Ile de Re where to...

Stay

The French like their holiday homes as much as the Irish and there are lots of them, many recently built and to let, ranging from one-bed cottages to compounds sleeping 20. Try ownersdirect.co.uk or Iledere.com for a good selection. Typically, a two-bed house will cost €700-€1,000 plus per week in high season.

Hotel Restaurant L'Ocean,Le Bois Plage En Re, 172 rue St Martin, 00-33-546-092307 or re-hotel-ocean.com. Delightful hotel that could more accurately be described as a restaurant with rooms, a small garden and a swimming pool. Great village centre location, with family rooms at ground level and more attractive ones upstairs. Doubles from €85 to €180.
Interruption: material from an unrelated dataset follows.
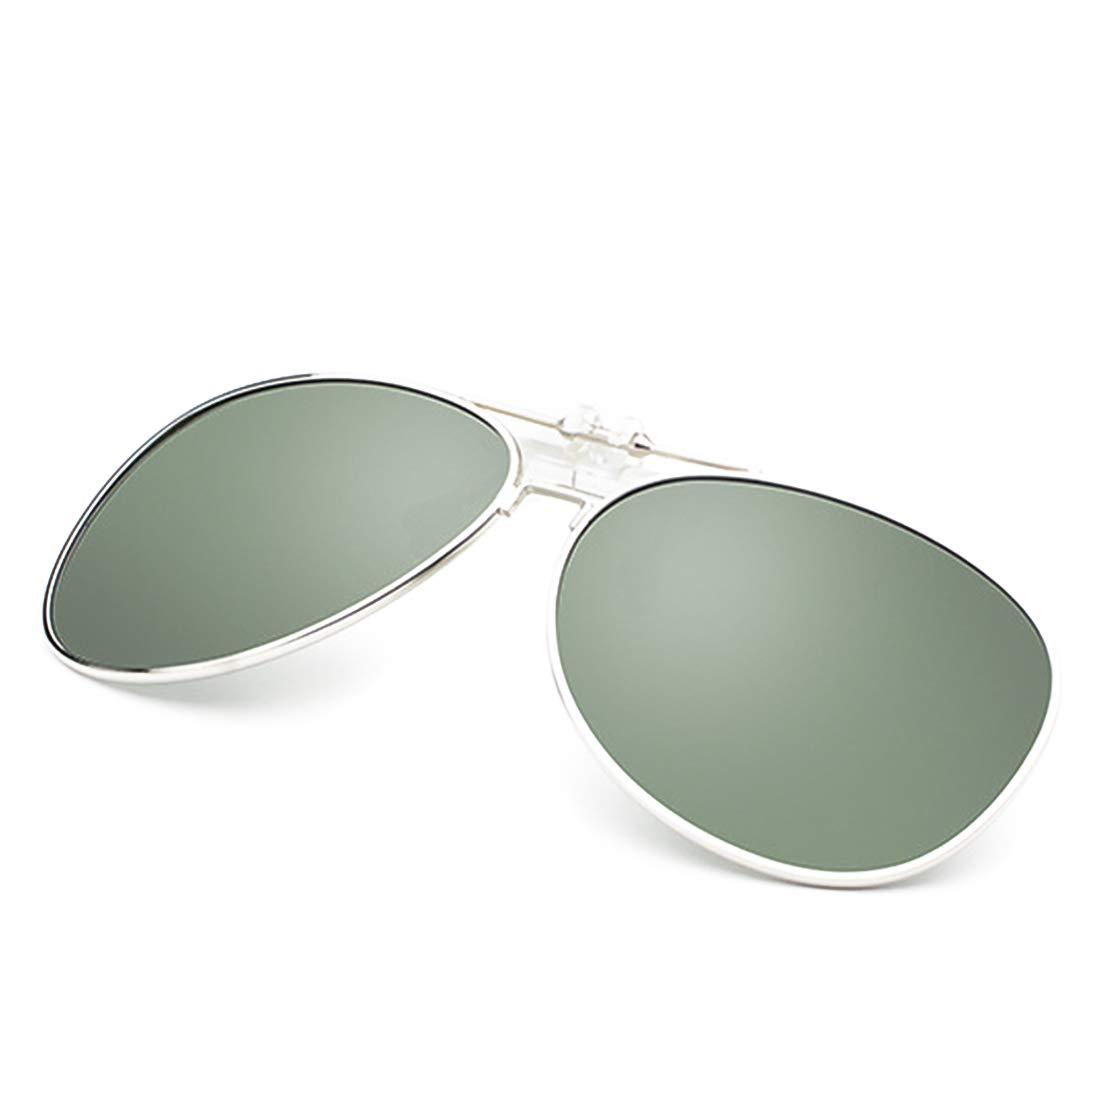 Dooppa Latest Design Unisex Clip-on Flip-up Polarized Sunglasses - Various Colors

Hotel de Toiras,1 Quai Job Foran, St Martin de Ré, 00-33-546-354032 or hotel-de-toiras.com. Relais et Chateau grand 17th century townhouse on the water's edge converted to an elegant hotel where Johnny Depp and Vanessa Paradis have been known to stay. Doubles from €175 rising to more than €1,000 for one of the best suites.

Eat

Le Taxi Brousse– the Jungle Taxi, 20 Rue des Anneries, 00-33-546-299033. Hidden away in the dunes behind the beach at La Couarde, this is an open air restaurant with its own pool. Great for a bowl of mussels at lunchtime. Open from midday till late with dancing after dinner.

La Cabane de la Patache, La Patache beach, Les Portes, 00-33-546-313822. Open air beachside cafe that is well protected from the wind and with lovely views.

La Baleine Bleue, Quai Launy Razilly, 17410 St Martin de Ré, 00-33-546-090330, baleinebleue.com. Overlooking the port in St Martin, La Baleine Bleu is more expensive than some of its neighbours, with the three-course dinner menu at about €43 a head (not including wine) but then the food is simply miles better. Think oysters, great fish, delicate patés and excellent steak. Outdoor tables are laid with stiff linen and tall stem glasses, and the service is formal but charming.

Go

On the hunt for oysters. At regular intervals along the roads of Île de Ré you’ll find cabanes where families serve up oysters they have cultivated, which can be eaten at nearby picnic tables, totally simple and cheap.

And finally . . . ice cream. There’s usually a queue at La Martinière, the island’s famous ice cream parlour in the port of St Martin and though the ices are pricey there’s a fabulous choice. Fleur de Sel is the signature flavour, but it also has Rocher (crushed Ferrero Rocher), peach-lavender and even oyster-caviar ice cream.